- Opening title
- Directed by: Walter Forde; Marcel Varnel;
- Written by: Marriott Edgar; Val Guest;
- Produced by: Edward Black
- Starring: The Crazy Gang; Moore Mariott; Carl Jaffe;
- Cinematography: Arthur Crabtree
- Edited by: R. E. Dearing
- Music by: Louis Levy
- Production company: Gainsborough Pictures
- Distributed by: General Film Distributors
- Release date: 1 February 1941;
- Running time: 77 minutes
- Country: United Kingdom
- Language: English

= Gasbags =

Gasbags is a 1941 British comedy film directed by Walter Forde and Marcel Varnel and starring The Crazy Gang and Moore Marriott. It was written by Marriott Edgar and Val Guest. The film was a morale-booster in the early part of the Second World War.

==Plot==
The Crazy Gang's mobile fish and chip shop is tethered to a barrage balloon which lifts the shop into the air and the gang is carried to Nazi Germany. They are captured but break out of prison, impersonate Adolf Hitler and return to England in a stolen secret weapon.

==Cast==
- Bud Flanagan as Bud
- Chesney Allen as "Ches"
- Jimmy Nervo as Cecil
- Teddy Knox as "Knoxy"
- Charlie Naughton as Charlie
- Jimmy Gold as "Goldy"
- Moore Marriott as Jerry Jenkins
- Wally Patch as Sergeant-Major
- Peter Gawthorne as Commanding Officer
- Frederick Valk as Sturmfuehrer
- Eric Clavering as Scharffuehrer
- Anthony Eustrel as Gestapo Officer
- Carl Jaffe as Gestapo Chief
- Manning Whiley as Colonel
- Torin Thatcher as SS Man
- George Merritt as German General
- Irene Handl as Burgomaster's Wife
- Leonard Sharp as Chip Shop Customer
- Mavis Villiers as Woman
- Henry Longhurst as Woodcutter
- Theodore Zichy as 2nd-in-Command

== Production ==
It was shot at the Lime Grove Studios in London. The film's sets were designed by the art director Alex Vetchinsky. It was the fourth and final film starring the comedians at Gainsborough Pictures. Flanagan and Allen subsequently moved to British National where they made a further four films over the next few years.

==Critical reception==
The Monthly Film Bulletin wrote: "An amusing and effective production with so much nonsense by "the Kings of Nonsense" that perhaps "a crazy film" would more aptly describe Gasbags.

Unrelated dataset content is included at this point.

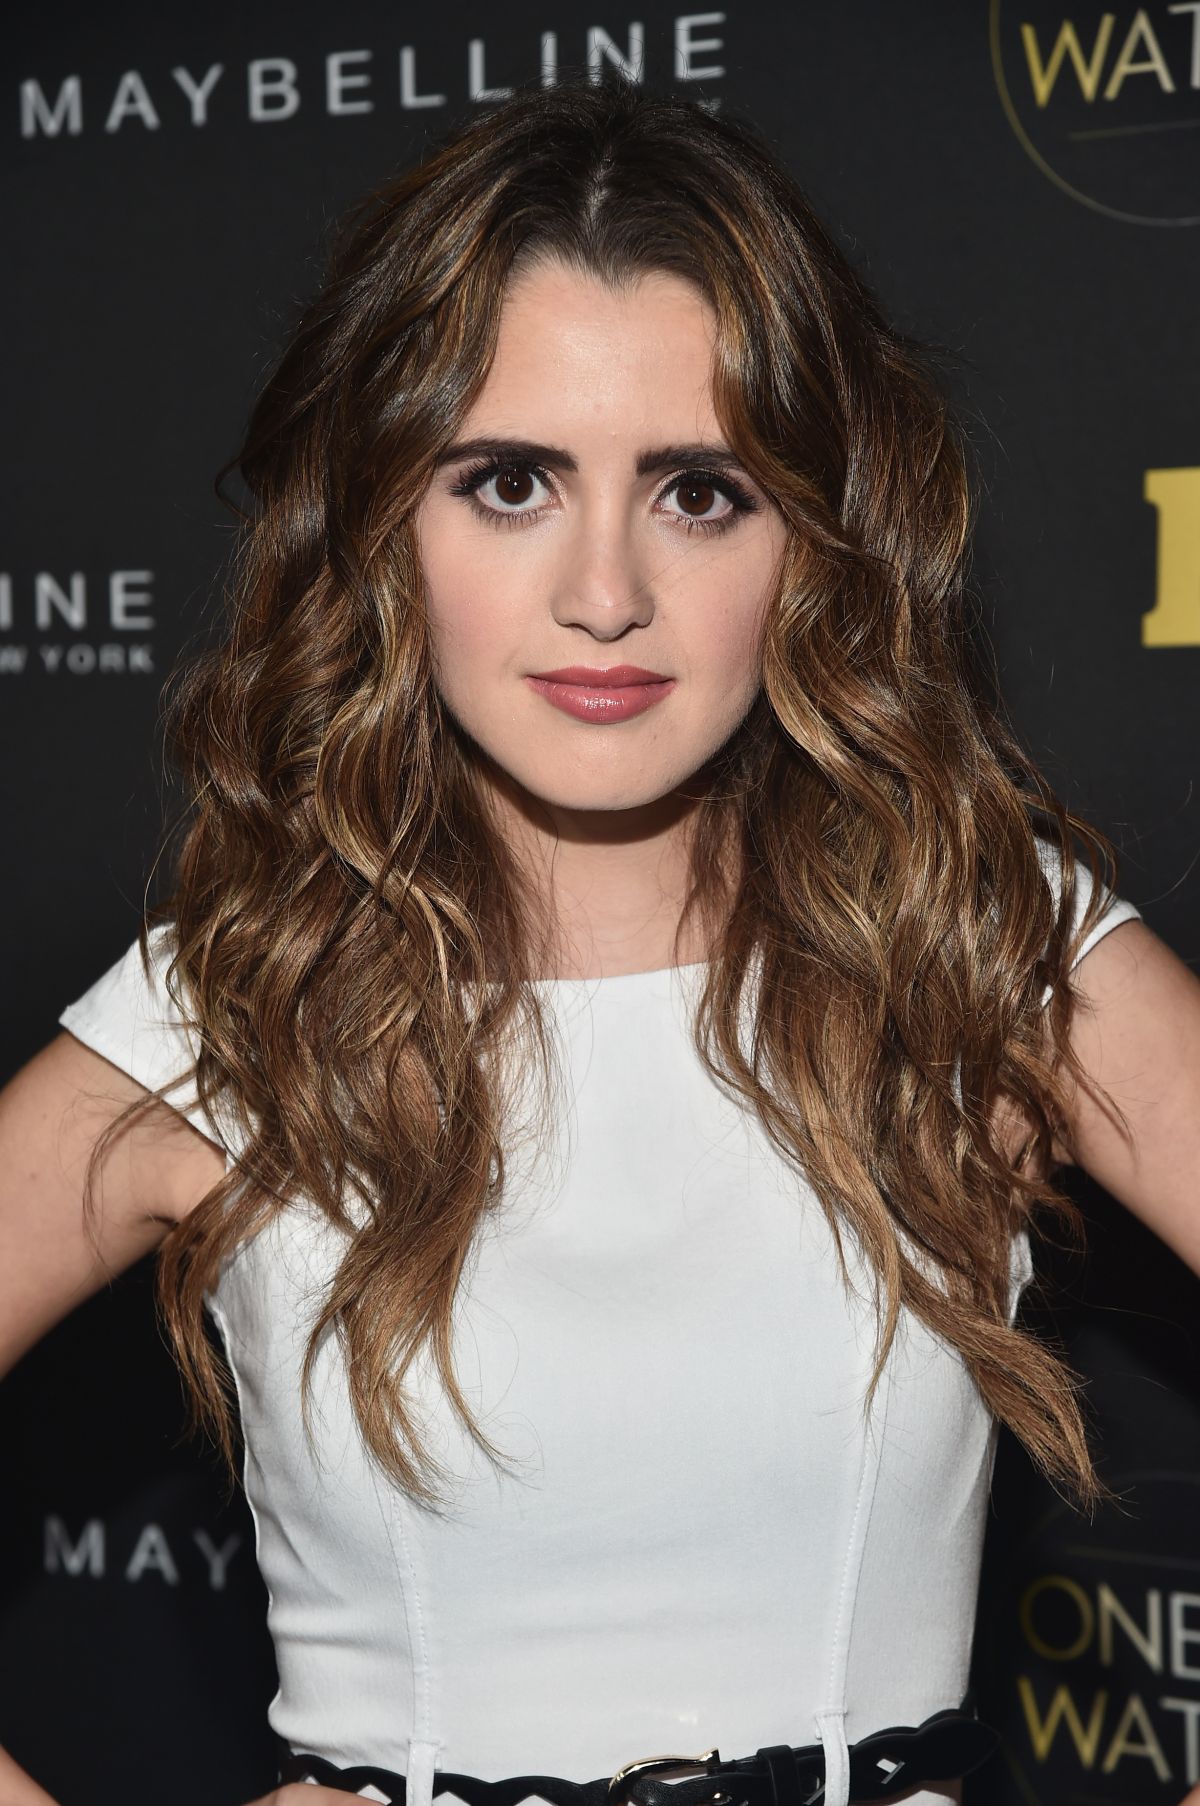 LAURA MARANO at People’s Ones to Watch in Hollywood 10/13/2016 HawtCelebs
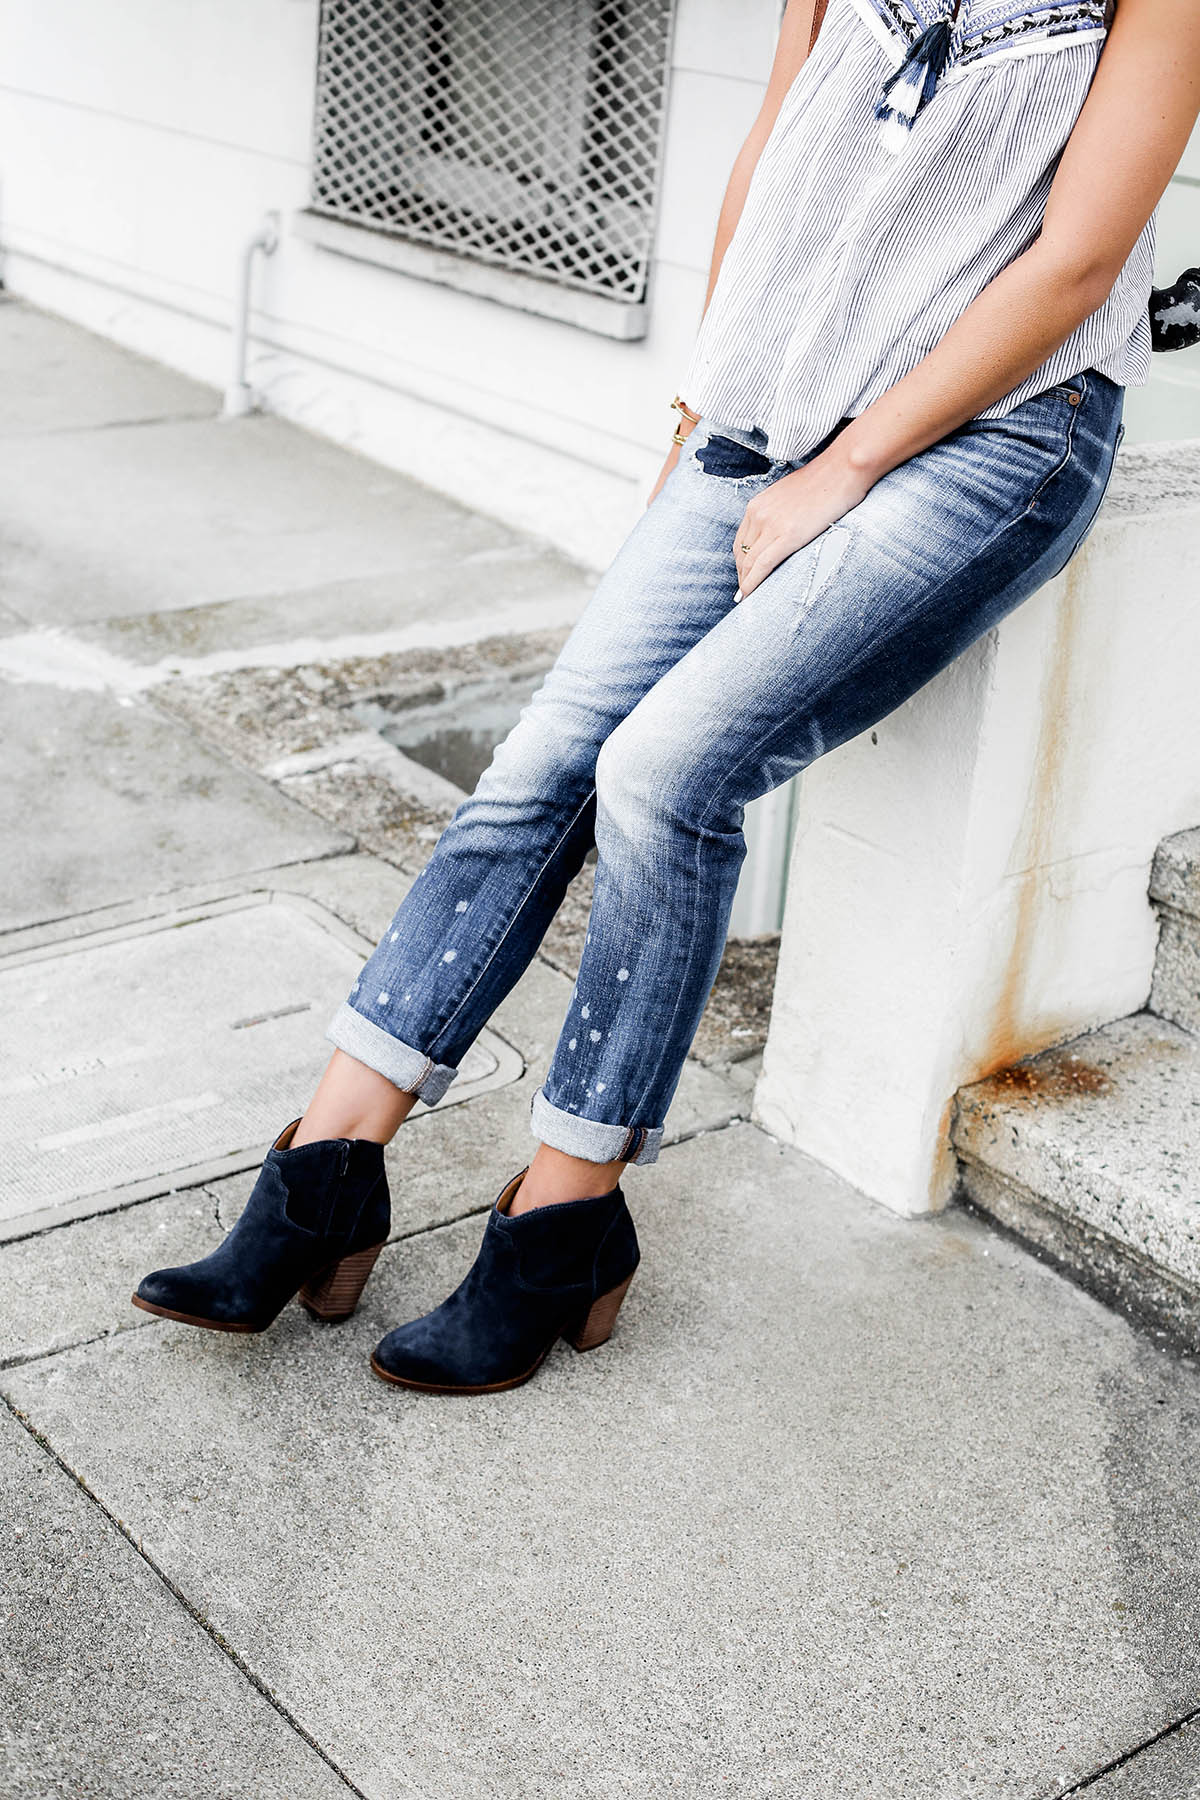 fall fashion trends patchwork denim boyfriend jeans and lucky brand blue suede ankle boots

Moore Marriott gives a beautifully crazy performance as old Jerry and the rest of the cast should be congratulated on keeping its countenance."'

TV Guide called it "An exhilarating comedy."

The Radio Times called it "the best film ever made by the Crazy Gang ... Director Marcel Varnel has just the right surreal touch to make it work and leave audiences laughing."

In British Sound Films: The Studio Years 1928–1959 David Quinlan rated the film as "good", writing: "Crazy is the word."